Would likely work. Not sure if we should endorse it, though :)
this may be specific enough to sha256 to warrant a new issue but I wonder whether there is a nicer way to write this:
source:
- if: numpy_min == "2.3"
then:
- url: ${{ source_url }}
sha256: eb30717dc7390a038c2247be1a7e8bf1a48b8a4701a01960804830a231631bef
- if: numpy_min == "2.2"
then:
- url: ${{ source_url }}
sha256: f6b9a08193c6291c3d6c4717d1ee1b0a8bf5050765165175affde7afaab1639f
- if: numpy_min == "2.1"
then:
- url: ${{ source_url }}
sha256: d61dd84290c6faaa35007346b79741e1e100915885a5a5a63d05b401eddbf583
- if: numpy_min == "2.0"
then:
- url: ${{ source_url }}
sha256: ba6a23a9d07bb782bda4f5852b476de4e16bad8f979c96e3df1d04e6bb6304c7
- if: numpy_min == "1.25"
then:
- url: ${{ source_url }}
sha256: 81f00561a6f0b92436b4c0b64dc9da25a8a31154a4fb0813e3337b2a0afd7db3
- if: numpy_min == "1.23"
then:
- url: ${{ source_url }}
sha256: 2deb6a9b0801e23c0597f3654d667238df581a85115d9f813d12ff0afcc842d3
- if: numpy_min == "1.22"
then:
- url: ${{ source_url }}
sha256: 0741447dbbaeb3db069341b53903f16d076fcdef931c0190fb15e5bc004463c9
templating directly into the sha256 field seems unsupported
It's possible to template the SHA256 but our current JSON schema will complain because it expects a hex string of 32 characters there. We can totally change the schema to also accept Jinja expressions (string starts / ends with ${{ ... }}).

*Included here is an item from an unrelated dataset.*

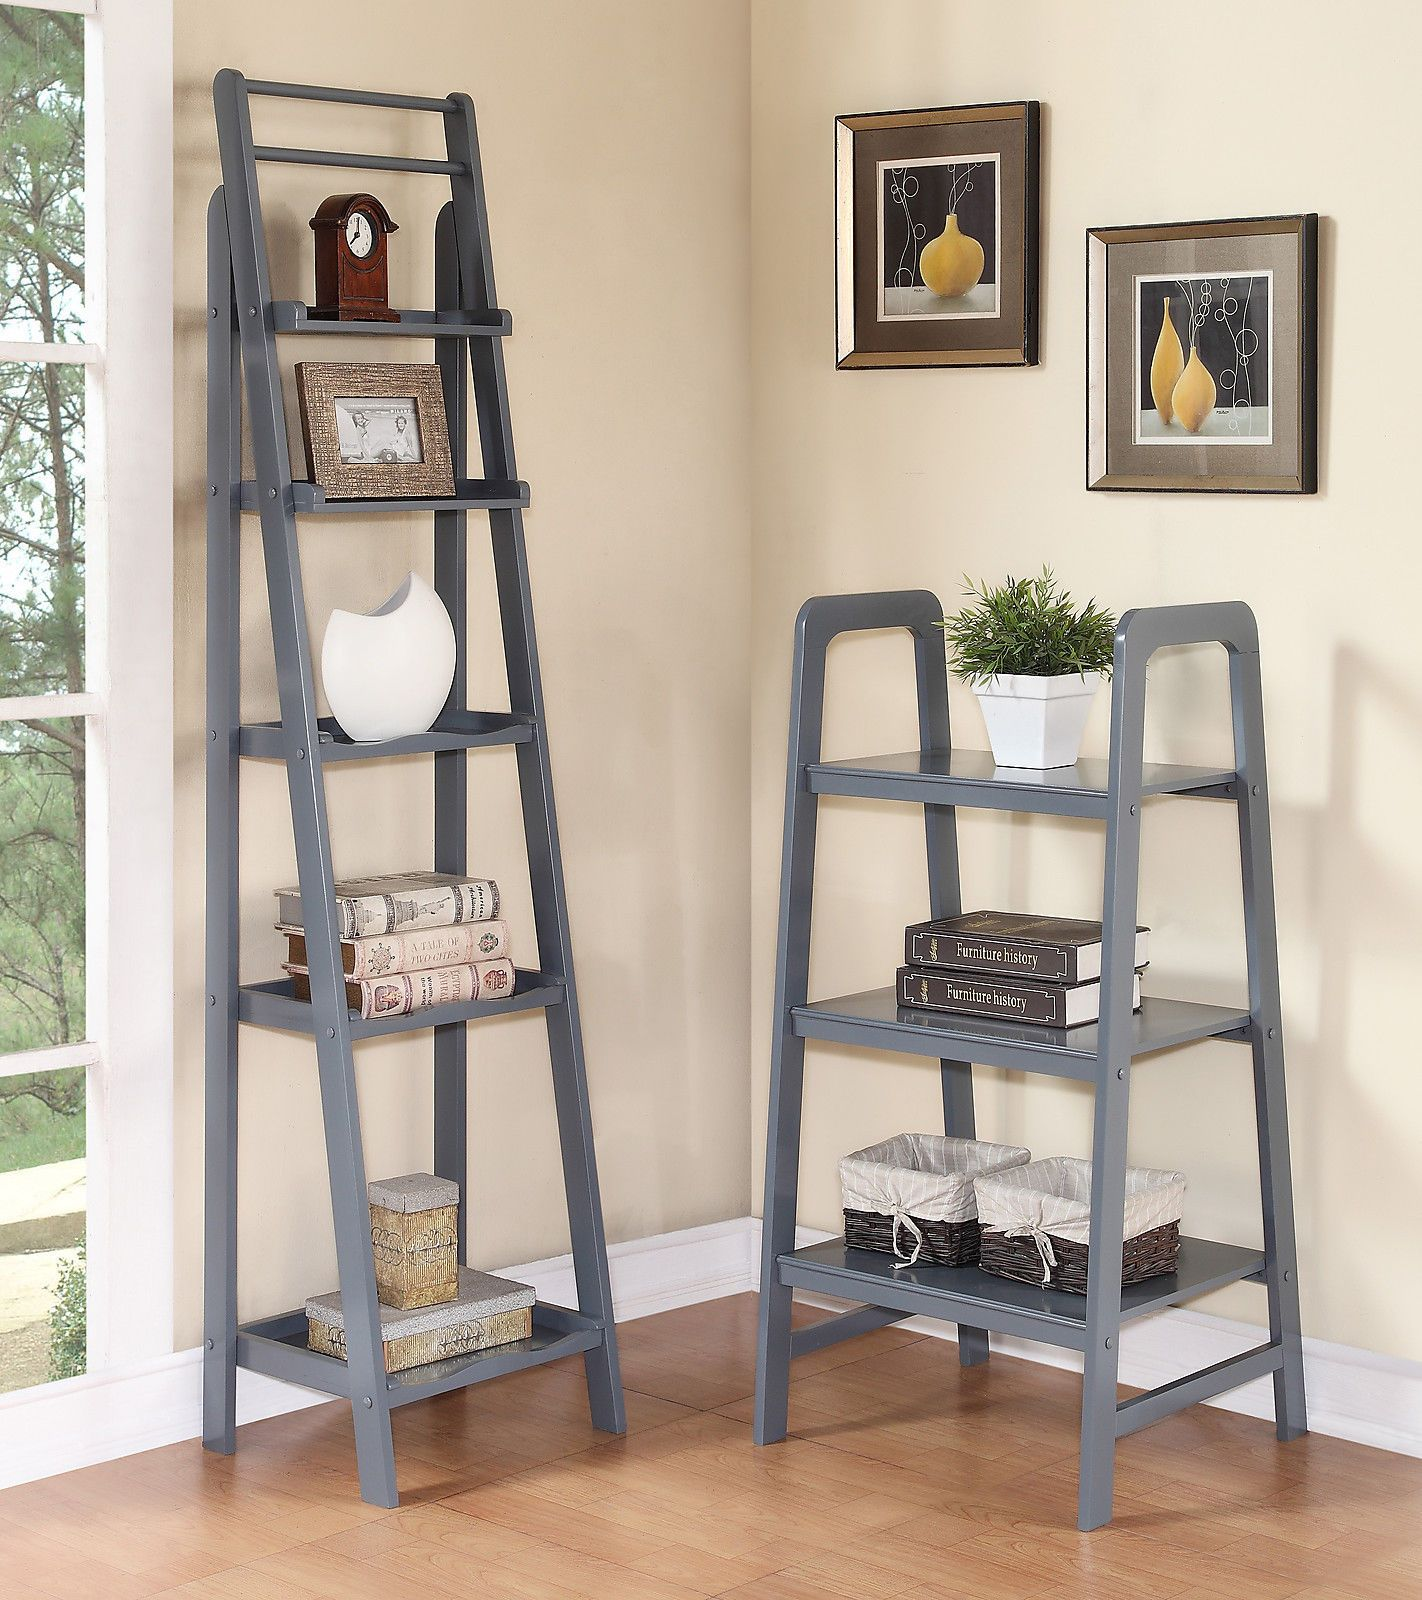 Ladder Display Rack

I think the most ideal scenario for this case would be if you had a dictionary, so that you could do:
- url: ${{ source_url }}
sha256: ${{ hashes[numpy_min] }}
We migth be able to do that with some trickery :)
ah great, I mistakenly thought that was more than just the JSON schema complaining. In which case variants.yaml can handle it all nicely:
zip_keys:
- [numpy_min, numpy_cap, python_min, source_hash]
numpy_min: [ 2.3, 2.2, 2.1, 2.0, 1.25, 1.23, 1.22]
numpy_cap: [ 2.4, 2.3, 2.2, 2.1, 2.0, 1.25, 1.23]
python_min: [3.11, 3.10, 3.10, 3.10, 3.10, 3.10, 3.10]
source_hash:
- eb30717dc7390a038c2247be1a7e8bf1a48b8a4701a01960804830a231631bef
- f6b9a08193c6291c3d6c4717d1ee1b0a8bf5050765165175affde7afaab1639f
- d61dd84290c6faaa35007346b79741e1e100915885a5a5a63d05b401eddbf583
- ba6a23a9d07bb782bda4f5852b476de4e16bad8f979c96e3df1d04e6bb6304c7
- 81f00561a6f0b92436b4c0b64dc9da25a8a31154a4fb0813e3337b2a0afd7db3
- 2deb6a9b0801e23c0597f3654d667238df581a85115d9f813d12ff0afcc842d3
- 0741447dbbaeb3db069341b53903f16d076fcdef931c0190fb15e5bc004463c9
More pedestrian than all the syntax stuff discussed so far, but I was surprised that there's no elif: <cond> to go along with
if: <cond>
then: <stuff>
else: <stuff>
(not mentioned in the docs, and crashes an actual recipe where I tried this)
@h-vetinari we already discussed that it's invalid YAML right?
A single elif: surely isn't illegal, though I could see how multiple would be problematic.
I don't think it was discussed so far though, at least not with me.